What's happening, of course, is that we're seeing a somewhat different version of the phenomenon in 2007-08, when scared investors sought refuge in U.S. Treasury securities because they feared a worldwide financial meltdown.

This year, it's the European problem that has prompted investors to seek safety in Treasurys.

"When the world seems to be about to collapse and you want to stay liquid, the only viable trade is the U.S. dollar and Treasurys," says Brian Wenzinger of AJO.

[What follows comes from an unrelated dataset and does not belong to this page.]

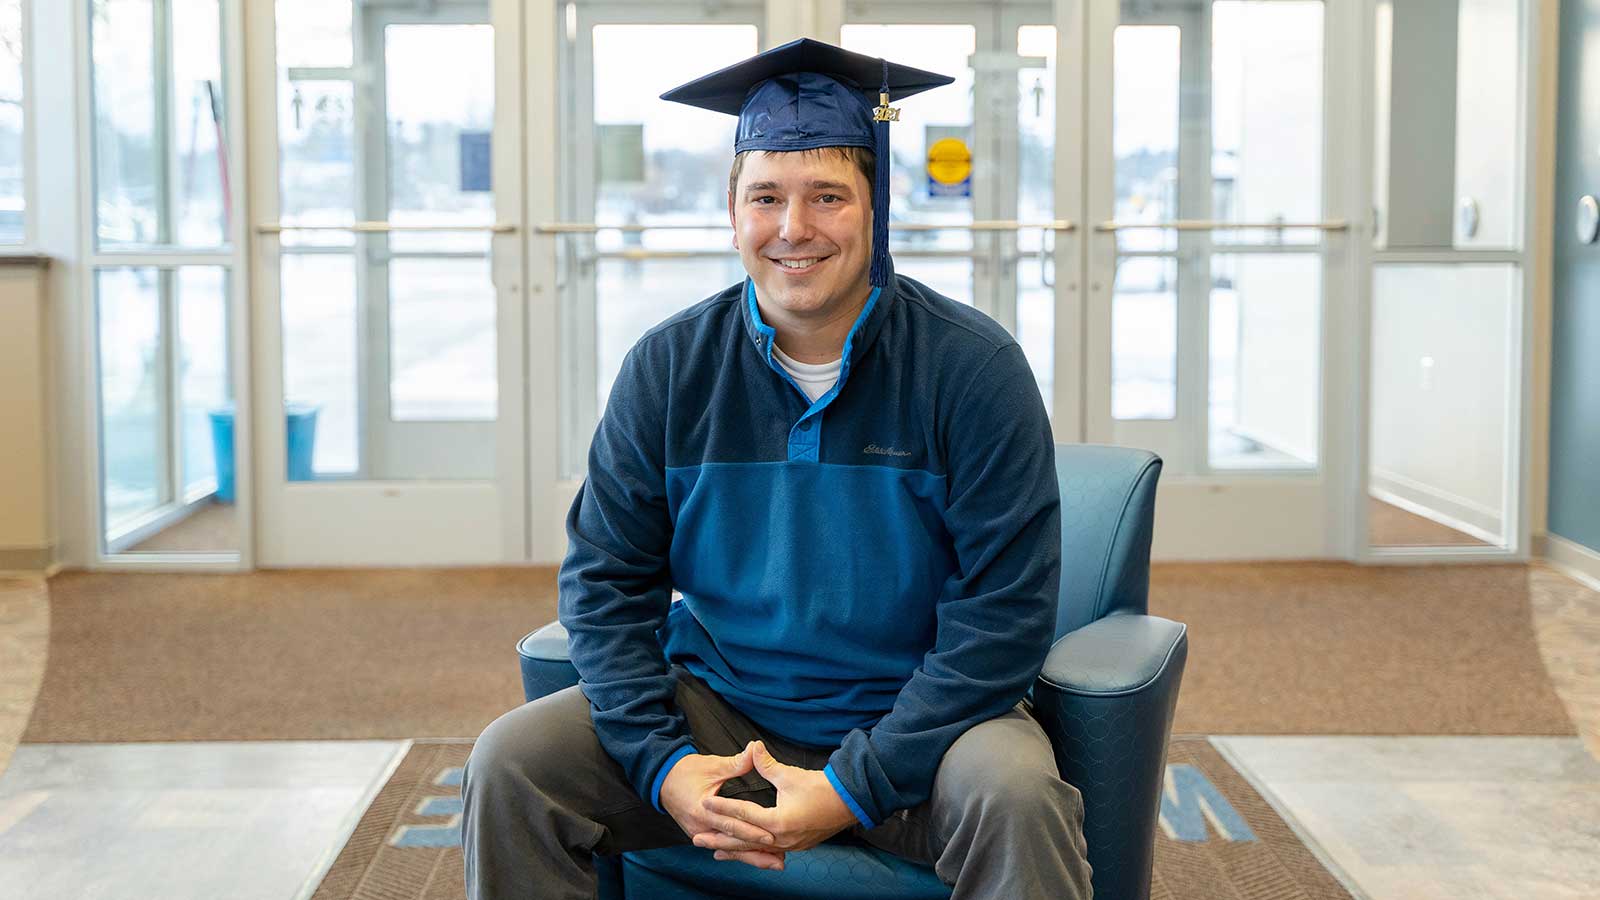 Zachary sitting in a chair while wearing a graduation cap, near the main entrance of the NTC Wausau campus.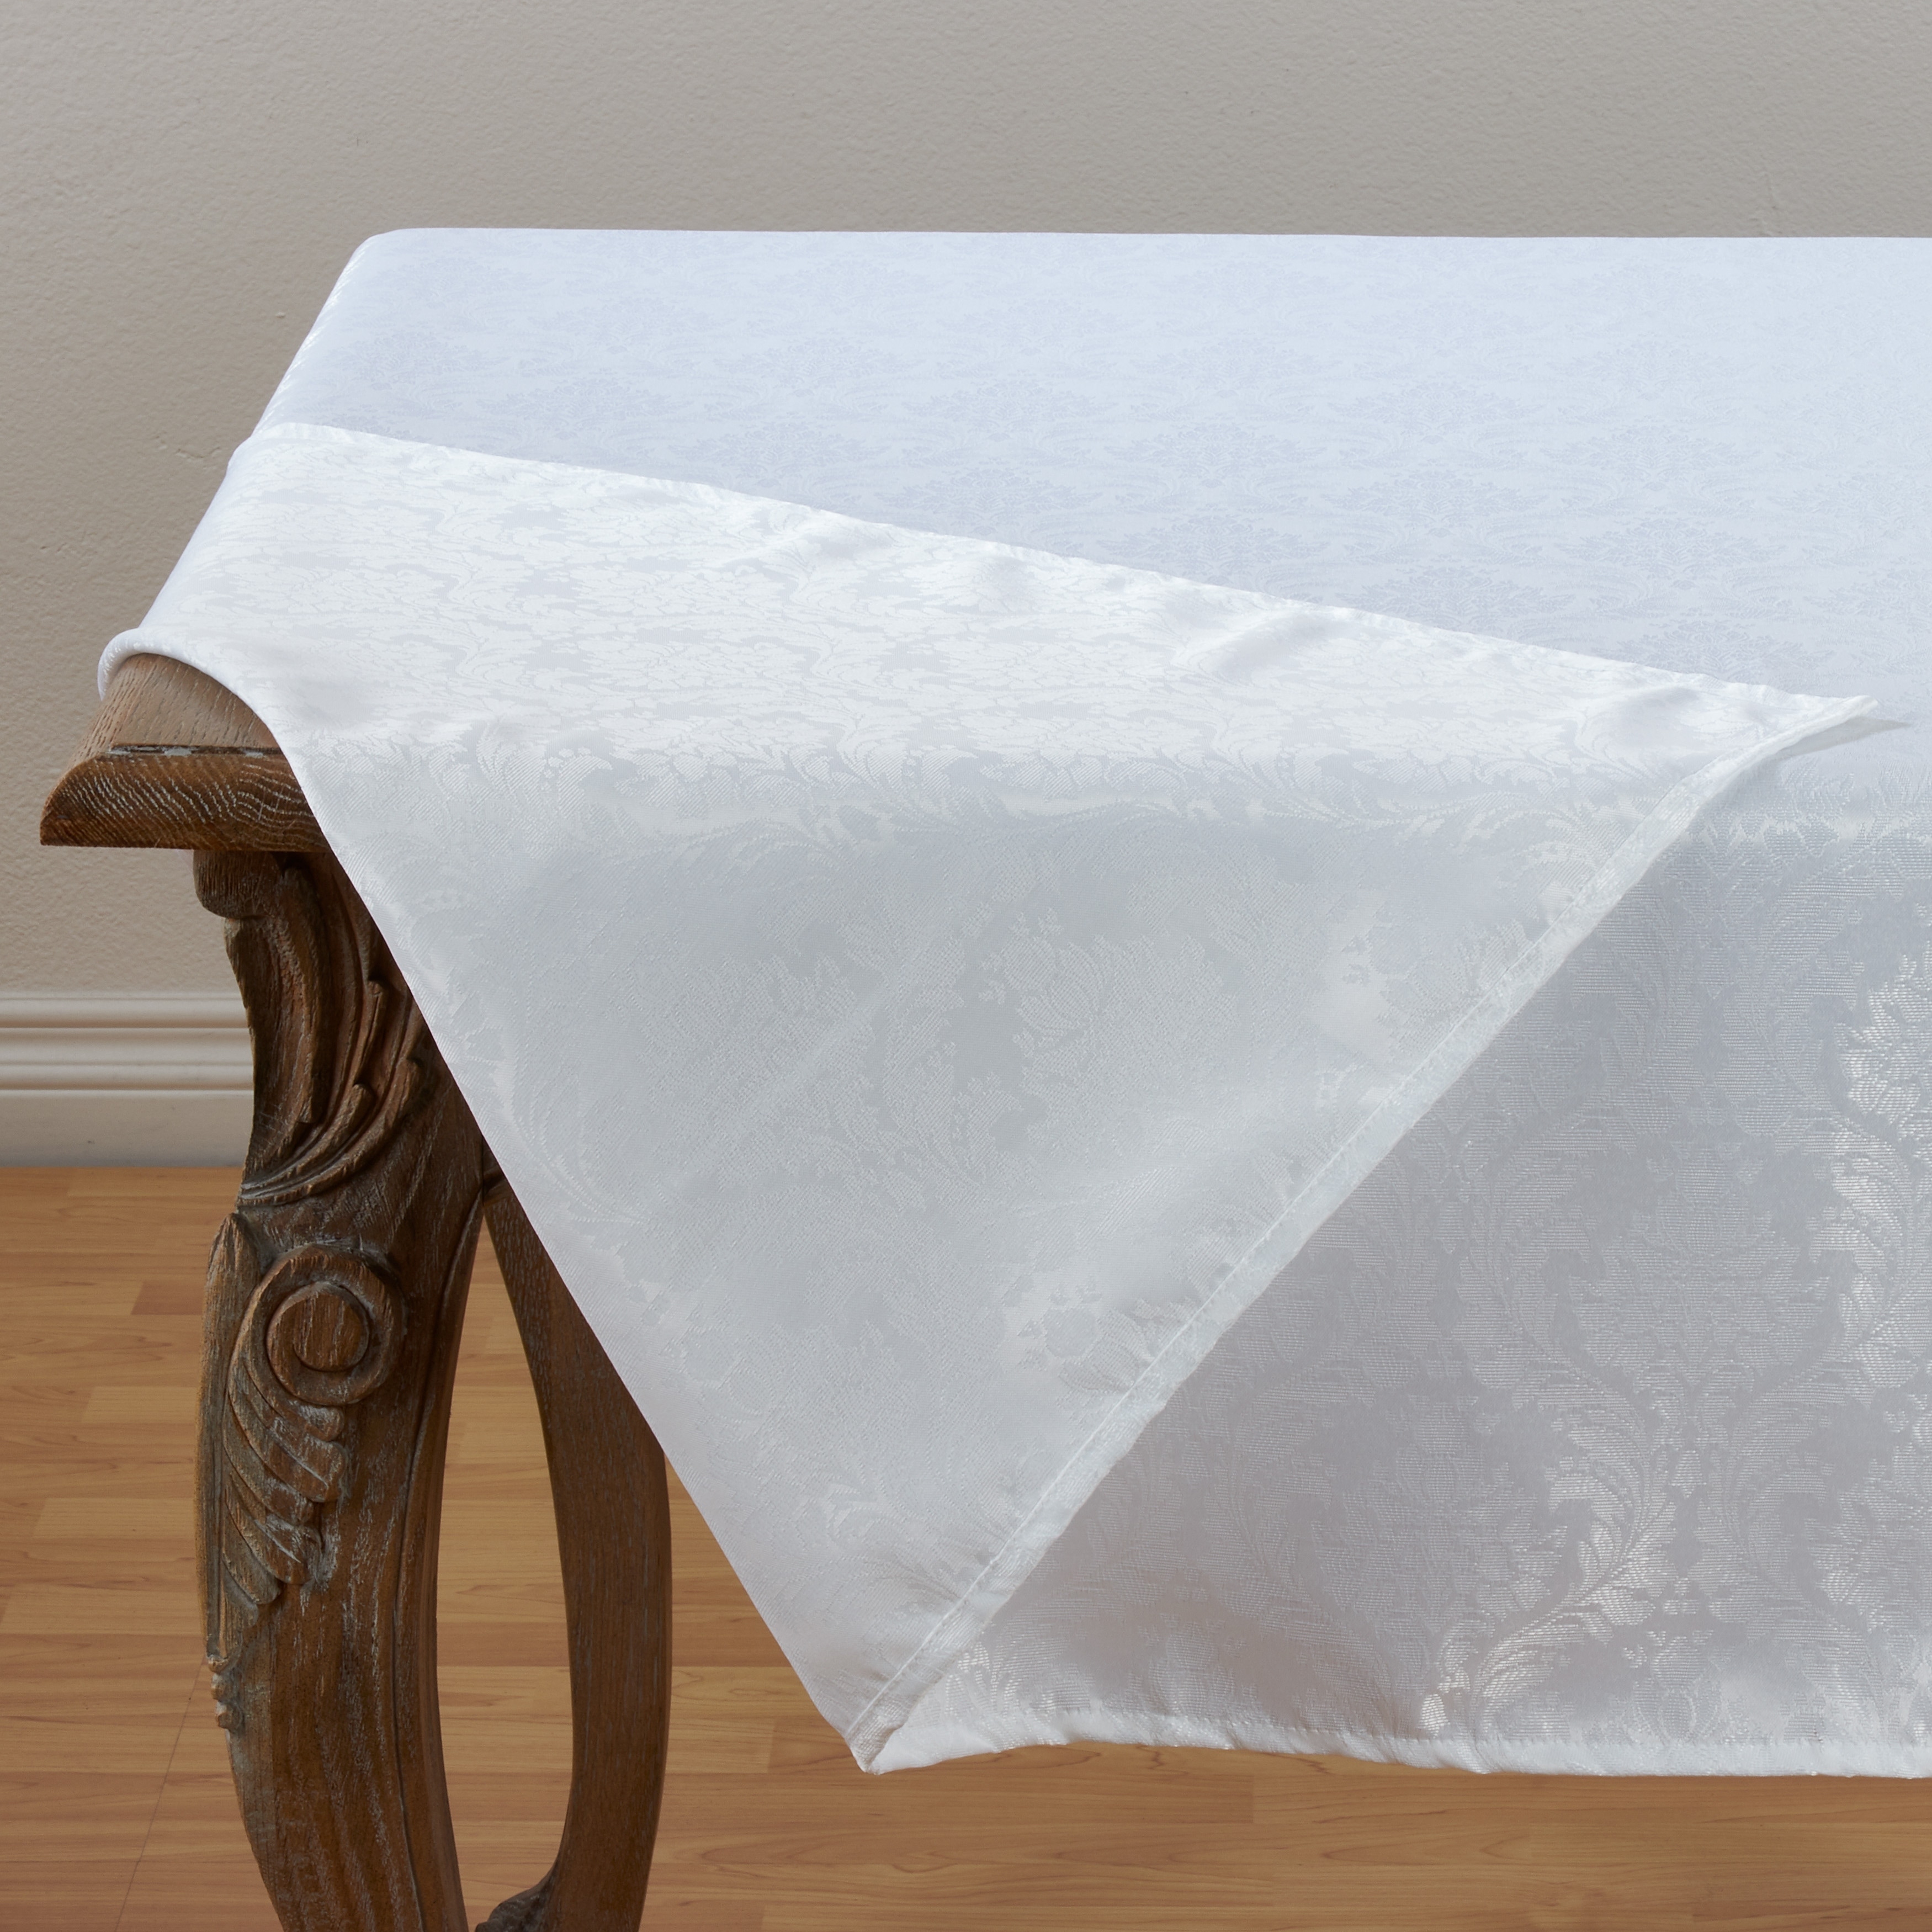 https://ak1.ostkcdn.com/images/products/22873038/White-Polyester-Tablecloth-With-Subtle-Damask-Pattern-16a76487-25d2-48bd-adfc-b378cf79beda.jpg

All that money flooding into the Treasury market drove down the interest rate on long-term Treasury bonds. The rate on the index that AJO uses to measure Treasury performance fell to 3.68 percent as of June 30, the firm says, down from 4.45 percent at the end of 2009. That rate decline has driven up the bonds' prices, because a bond yielding 4.45 percent is worth more than face value when a new bond is yielding only 3.68 percent. That difference -- $7.70 a year for each $1,000 of bonds for an extended period -- is worth a considerable amount of money. Hence, long-term Treasury bonds' strong performance for the first half of the year -- and our country's ability to finance its enormous deficits by selling Treasurys at very cheap rates.

When interest rates rise, however -- which they're sure to do, sooner or later -- the prices of existing bonds will decline. That's what happened last year, when the rate on bonds was up by almost 50 percent, to the aforementioned 4.45 percent, from 2.97 percent at the end of 2008. Last year, long-term Treasurys had a total return of minus 12.9 percent, making them the biggest loser among the 48 AJO classes. In 2008, long Treasurys were among the best-performing asset classes.

How do I explain that my predictions have been so wrong for the past six months? Simply this: In the long run, markets are rational. In the short run, anything can happen. The tech-stock and house-price bubbles lasted far longer than rationalists expected them to, but they ultimately popped. So will the Treasury-bond bubble.

Allan Sloan is Fortune magazine's senior editor at large.